The risk of an unwarranted last minute expansion of the guarantee is limited by a five-day
advance notice required by banks for transferring term deposits into sight deposits. The bank
resolution system is conditioned to (and shaped by) a creditor agreement ratified by the
majority (in terms of claims) of the bank’s non-sight creditors (and the SBIF). When an
agreement cannot be reached, outright liquidation on the entire non-narrow bank is the only
possible outcome.
- 44 -
APPENDIX V
Founded in the early 1990’s, Inverlink grew rapidly from a stock brokerage firm into a full-
fledged conglomerate with pension fund, life insurance, and nonfinancial concerns. After
being accused of share price manipulation in 2001, the group was encouraged by the SBIF to
retract its banking license application, while the Central Bank refused it authorization to deal
on the foreign exchange market.
At the beginning of February 2003, Inverlink’s brokerage arm was revealed to have been
buying market-sensitive information from the personal secretary of the Central Bank
president. Faced with a run on its mutual funds caused by these accusations, the group
resorted to selling paper-based CDs from CORFO that it illegally held and had been using as
collateral for short-term trading for years. It also borrowed substantially from its insurance
subsidiary, resulting in the latter’s subsequent insolvency and collapse.
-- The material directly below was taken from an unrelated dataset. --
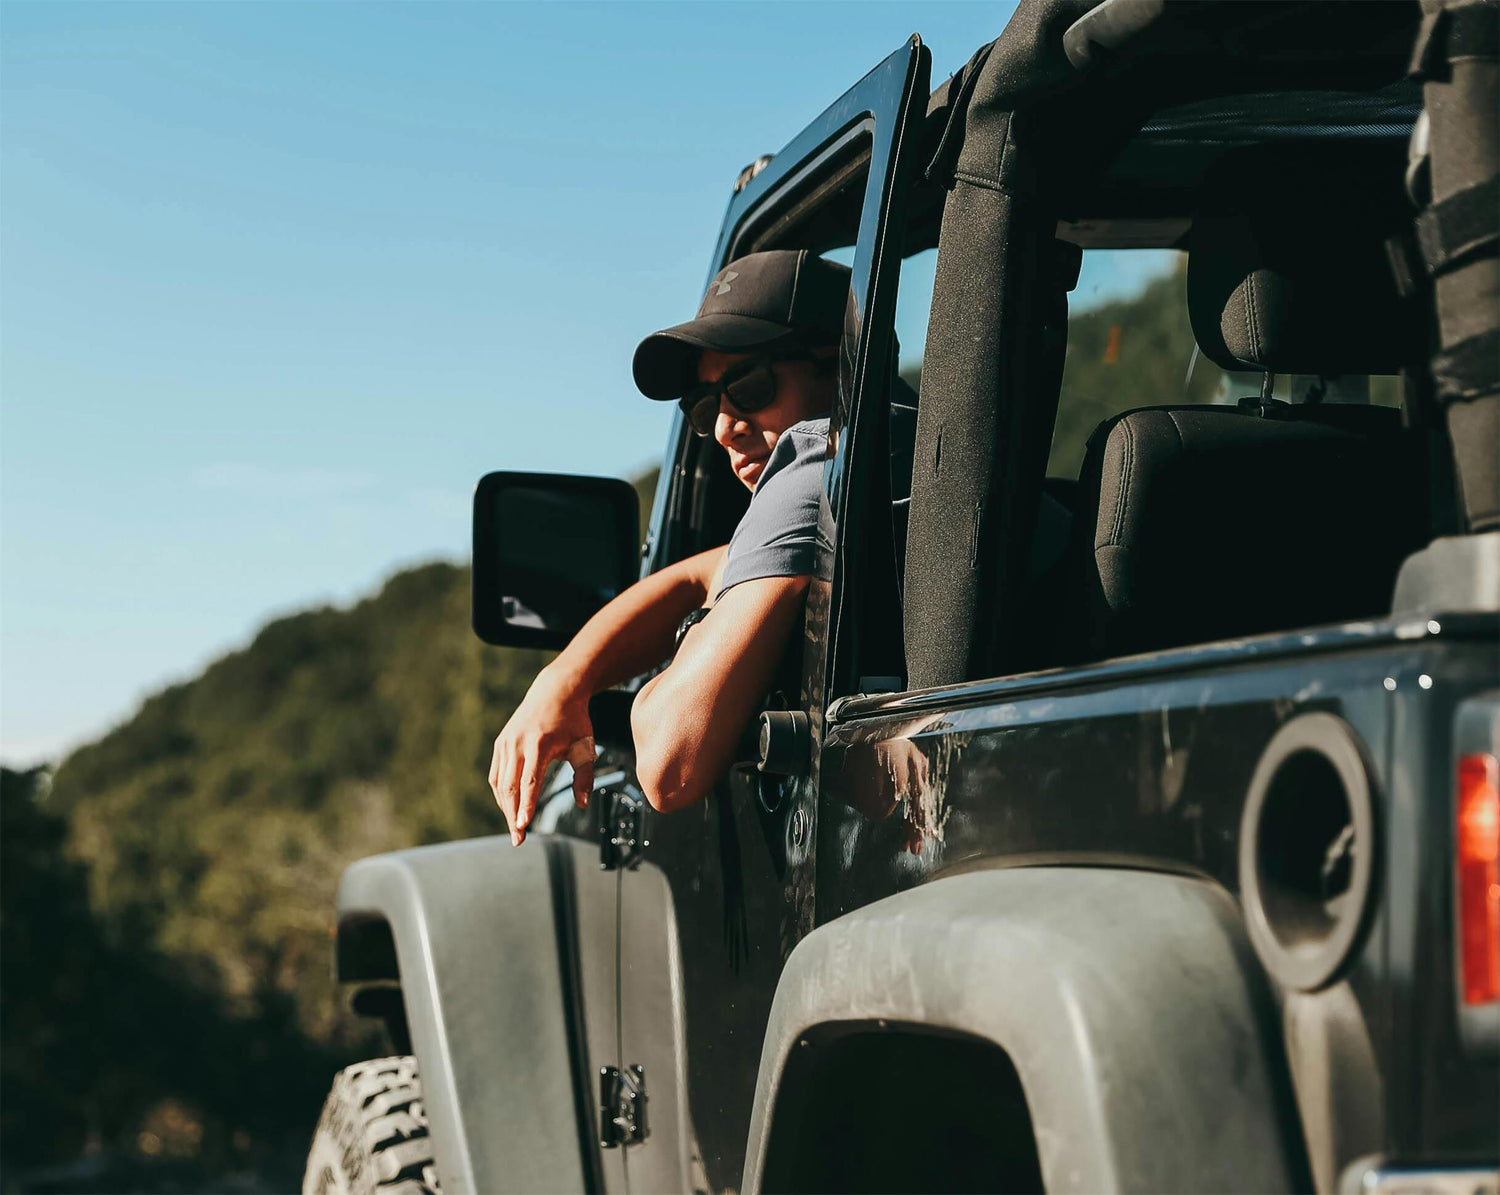 Join the adventure! A cool guy in a hat and sunglasses takes the wheel of a jeep. Discover the great outdoors with Apexel founder and outdoor life lover.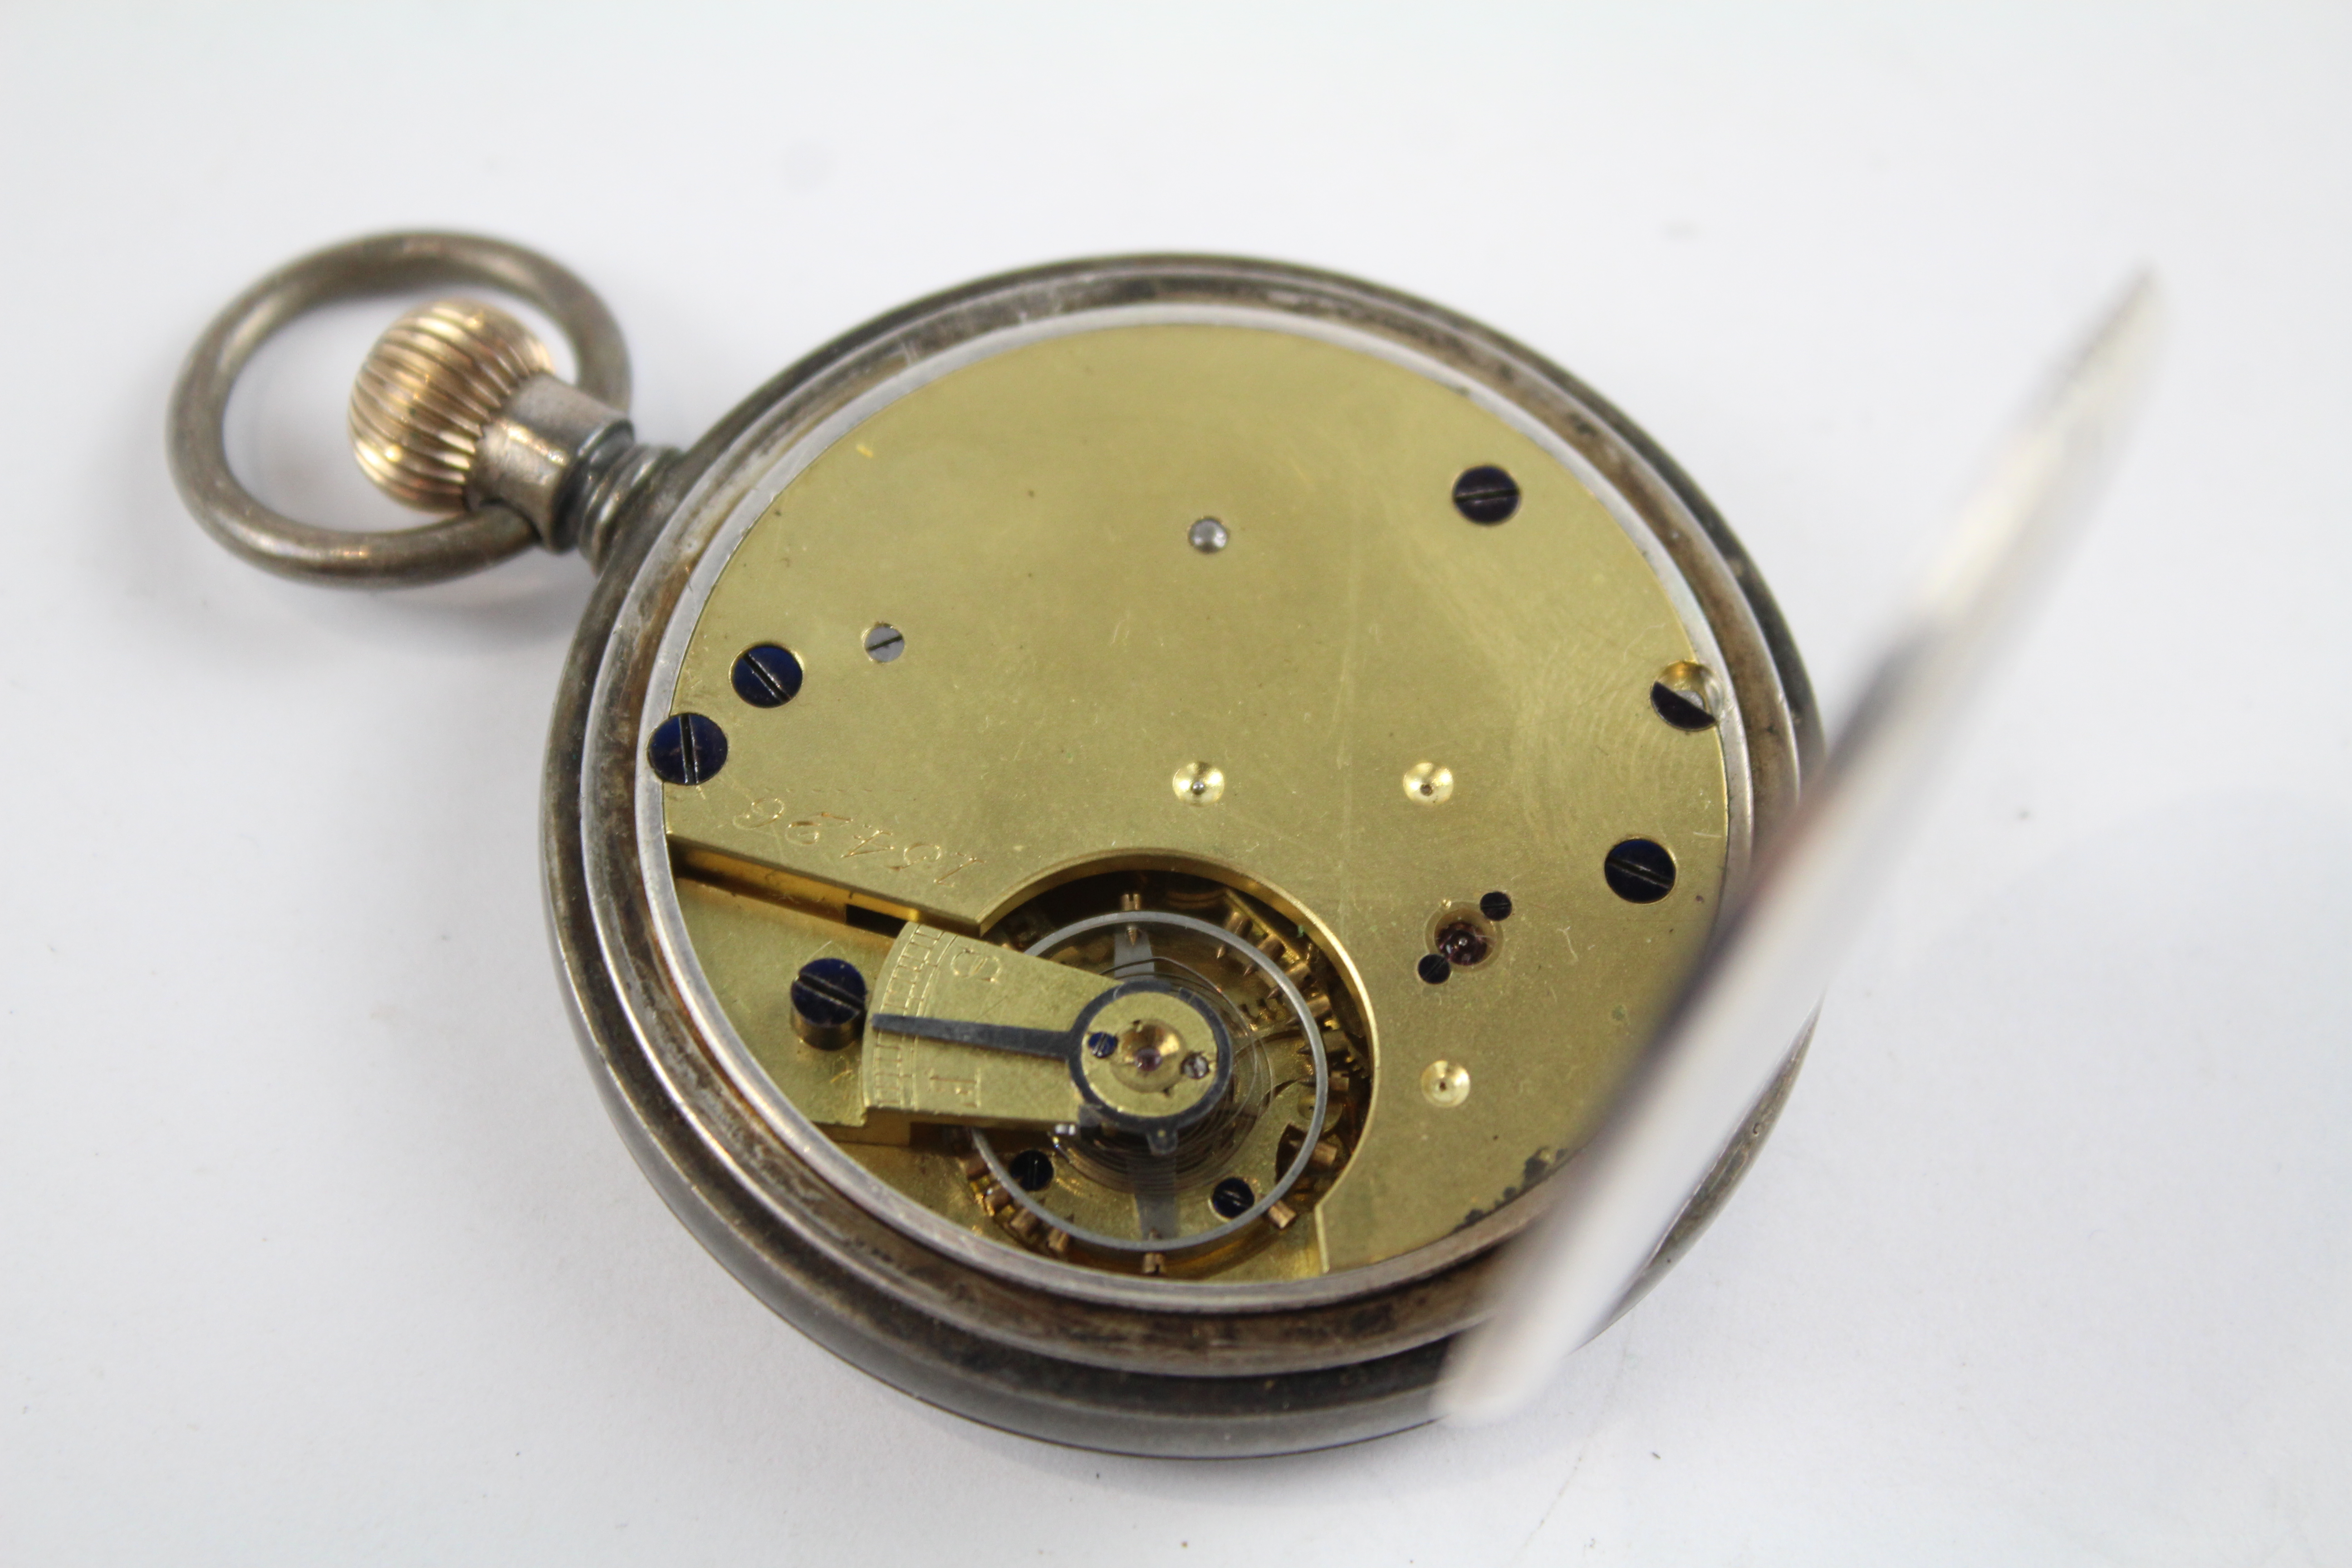 STERLING SILVER Gents Vintage Open Face POCKET WATCH Hand-Wind WORKING 404724 - Image 5 of 5

CORFO’s reporting of the theft in March (by that time, the CDs had changed hands and were
held mostly by local mutual funds) triggered a dispute as to their ownership (the holders
maintained they had acquired the CDs in good faith). Over the next three days, the mutual
fund industry lost over US$1.5 billion (around 27 percent of its assets) as nervous investors
unloaded positions; this led to knock-on effects on the prices of other secondary market
securities.
Faced with a paralyzed market and mounting fears of a broader liquidity run, the government
lifted the stop payment on the CDs until the courts determined their legal ownership, a
process that is still on-going. In addition, it reached an agreement with SVS and the banks
(owners of most mutual funds) so that the latter would guarantee the immediate repayment of
the stolen instruments and would take any court- mandated loss. This stabilized the financial
markets.
The scandal led to the resignation of the CORFO Executive Vice President, Central Bank
President, and SVS Superintendent, as well as to the arrest and trial of Inverlink senior
management. It was Chile’s first (albeit limited) market confidence crisis since the early
1980’s, raising serious questions about cross-sector contagion, inadequacies in market
infrastructure, insufficient internal controls, and ineffective surveillance.